To run this app, you need an OpenAI developer account. Obtain an API key here and set up a payment method for your account here. This bot uses gpt-3.5-turbo for text generation. Make sure you have some credits (~$1) to use it.

Set your API key as an environment variable:

export OPENAI_API_KEY=<your_openai_key>

Deploying to the Cloud

To deploy this app to DBOS Cloud, first install the DBOS Cloud CLI (requires Node):

npm i -g @dbos-inc/dbos-cloud

Then clone the dbos-demo-apps repository and deploy:

git clone https://github.com/dbos-inc/dbos-demo-apps.git
cd python/chatbot
dbos-cloud app deploy

This command outputs a URL—visit it to see your chatbot!
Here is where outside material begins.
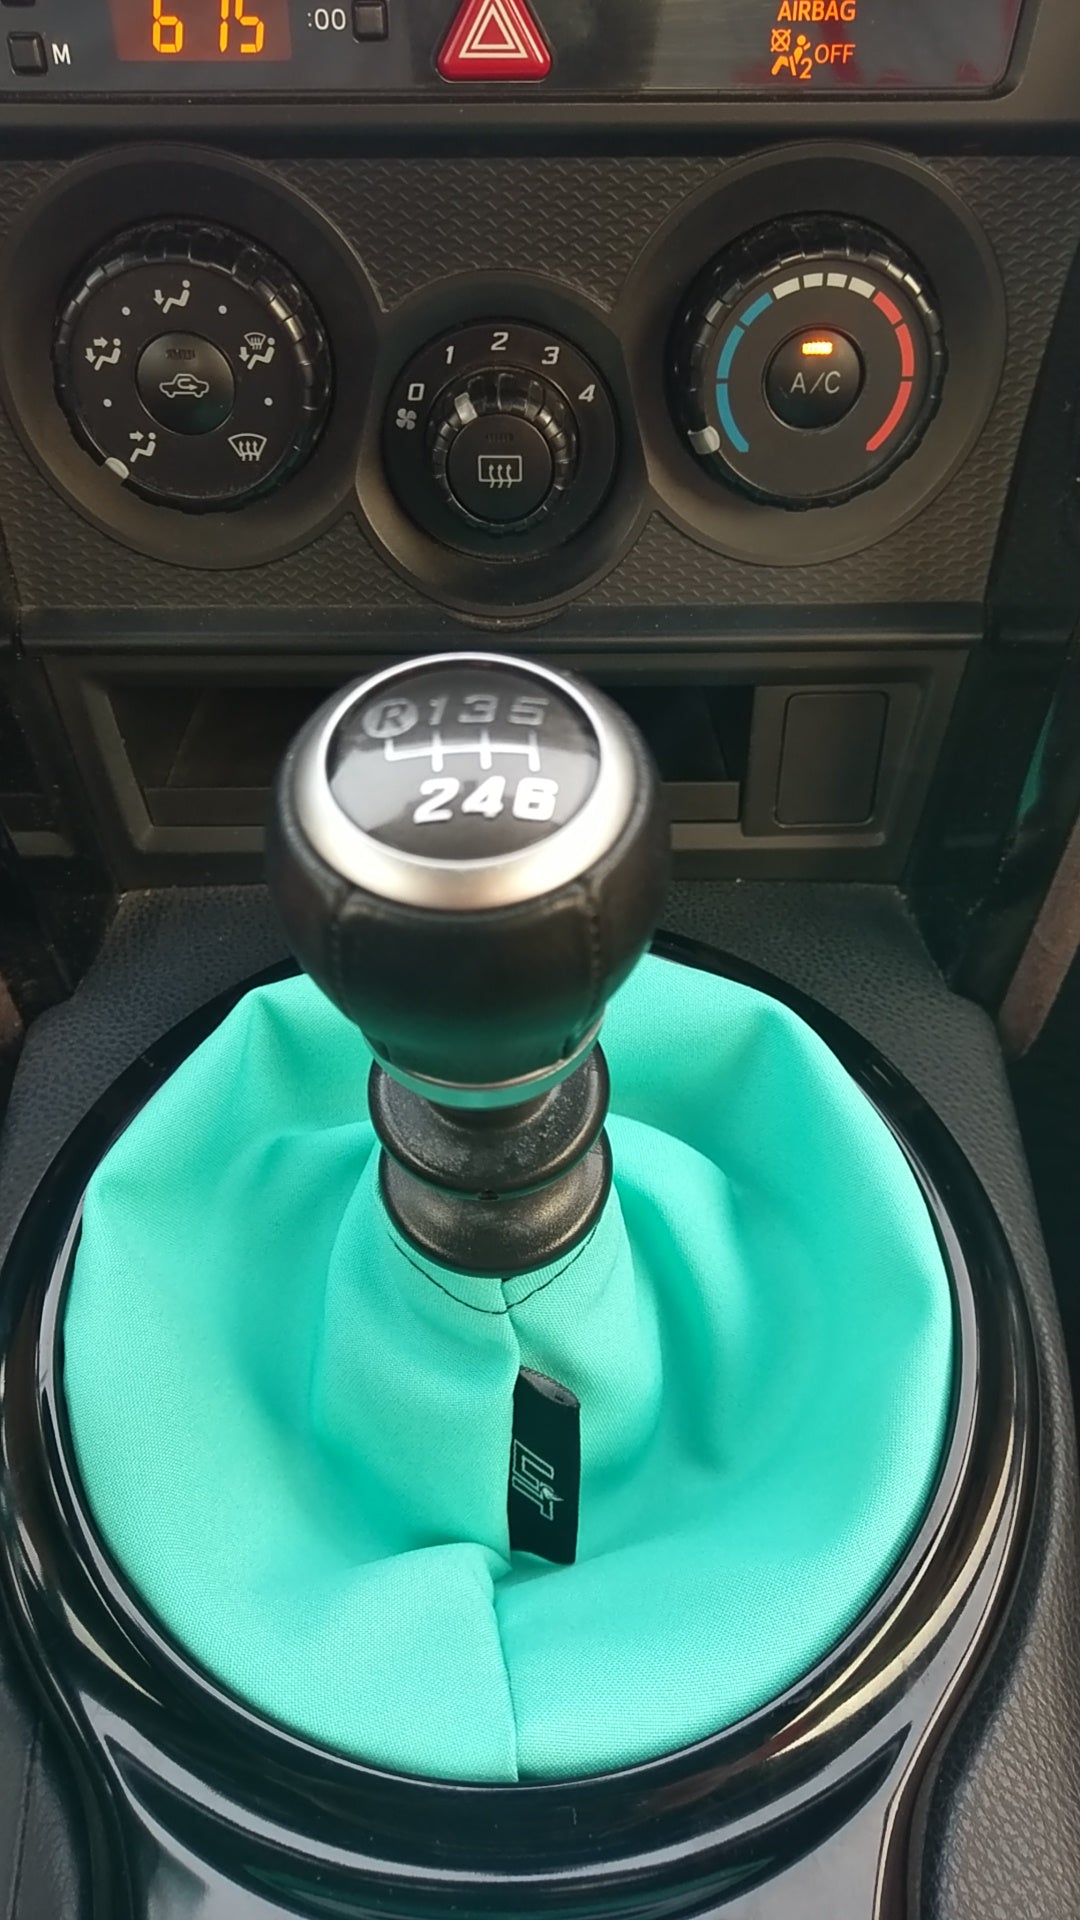 tiffany blue shift boot cover , teal blue shift boot cover , , nissan shift boot cover , subaru shift boot cover , toyota shift boot cover , schassis shift boot cover , nissan z shift boot cover , skyline shift boot cover , ford shift boot cover

You can also visit the DBOS Cloud Console to see your app's status and logs.

Running Locally

First, clone and enter the dbos-demo-apps repository:

git clone https://github.com/dbos-inc/dbos-demo-apps.git
cd python/chatbot

Then create a virtual environment:

python3 -m venv .venv
source .venv/bin/activate

DBOS requires a Postgres database. If you don't already have one, you can start one with Docker:

export PGPASSWORD=dbos
python3 start_postgres_docker.py

Then run the app in the virtual environment:

pip install -r requirements.txt
dbos migrate
dbos start

Visit http://localhost:8000 to see your chatbot!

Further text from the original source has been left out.